Bulbs in a Bucket
There is a little patch of ground near the barn where my family lives that harbors a small stand of one of my favorite plants. This particular Lycoris radiate or Red Spider Lily is a "volunteer." No one knows who planted it but it comes up with annual reliability— all red, showy tendrils and arsenic green stalk. It is a bit of a harlot, as flowers go. I don't know what really attracts me to the plant, but somehow it makes me smile whenever I see it.

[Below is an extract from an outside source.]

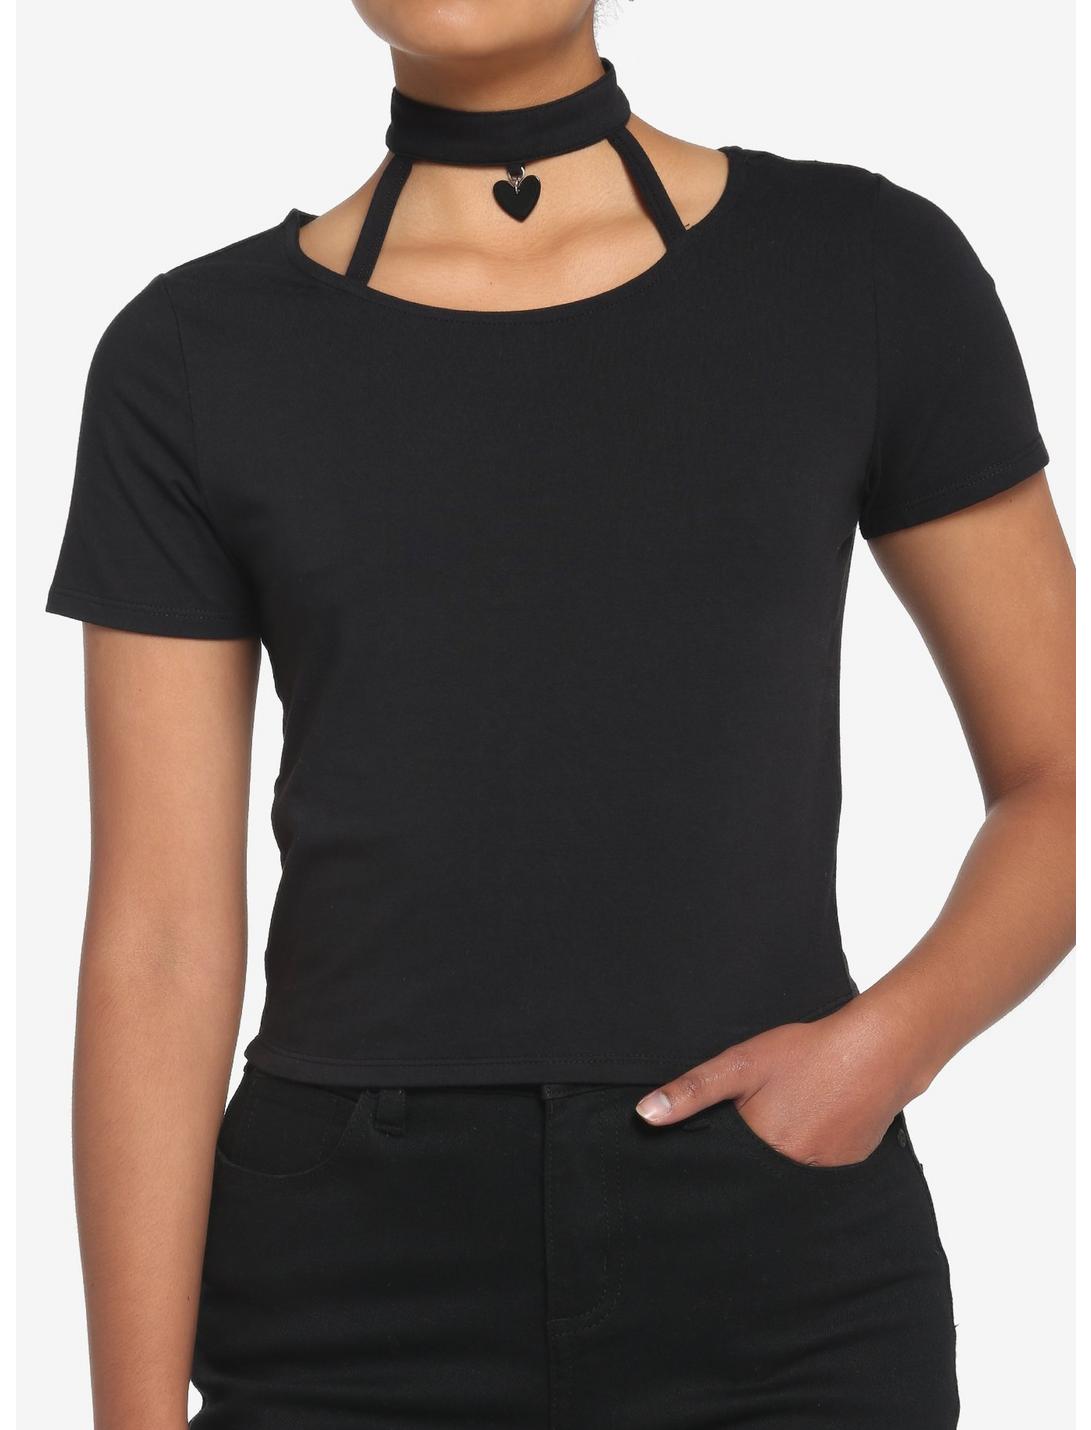 Black Heart Choker Girls Crop T-Shirt, BLACK, hi-res

It is a perennial, which means it comes back year after year. Maybe I like its constancy, all my life it has produced a striking red bloom. Maybe I like the idea of volunteer flowers. People fuss so much over their gardens that sometimes it is nice to see nature providing an uncultivated and impromptu performance. Whatever the reason I like Spider Lilies, I was lucky enough to receive a huge bag of their bulbs from David Atkins, an heirloom bulb preservationist and all around man of the world. I have to admit that I left the bag on my back sink after he gave them to me last year, somewhat safe in the knowledge that the bulbs would dry out but that the spark of life and beauty still lived within them.
My mother has shamed me by finally planting the last of her bulb haul from Mr. Atkins so I really could not put the process off much longer. Plus, the Red Spider Lilies were putting out long green shoots, begging for light, soil and water. So, I cleared a spot in my very neglected back yard and planted the lot of them.
It was pleasant work on a cool, early spring day and it distracted me from some of the burdens that had been weighting on my mind. It also seemed appropriate, although I am not a religious man, to honor Ash Wednesday and the close of Mardi Gras with a little planting.
Hopefully, the bulbs will survive and thrive (they did well enough in a plastic bag on my sink). Maybe one day someone will look at the stand of Red Spider Lilies and wonder who planted them and pause to marvel at the regular, predictable cycle of life in which we should all feel fortunate to participate.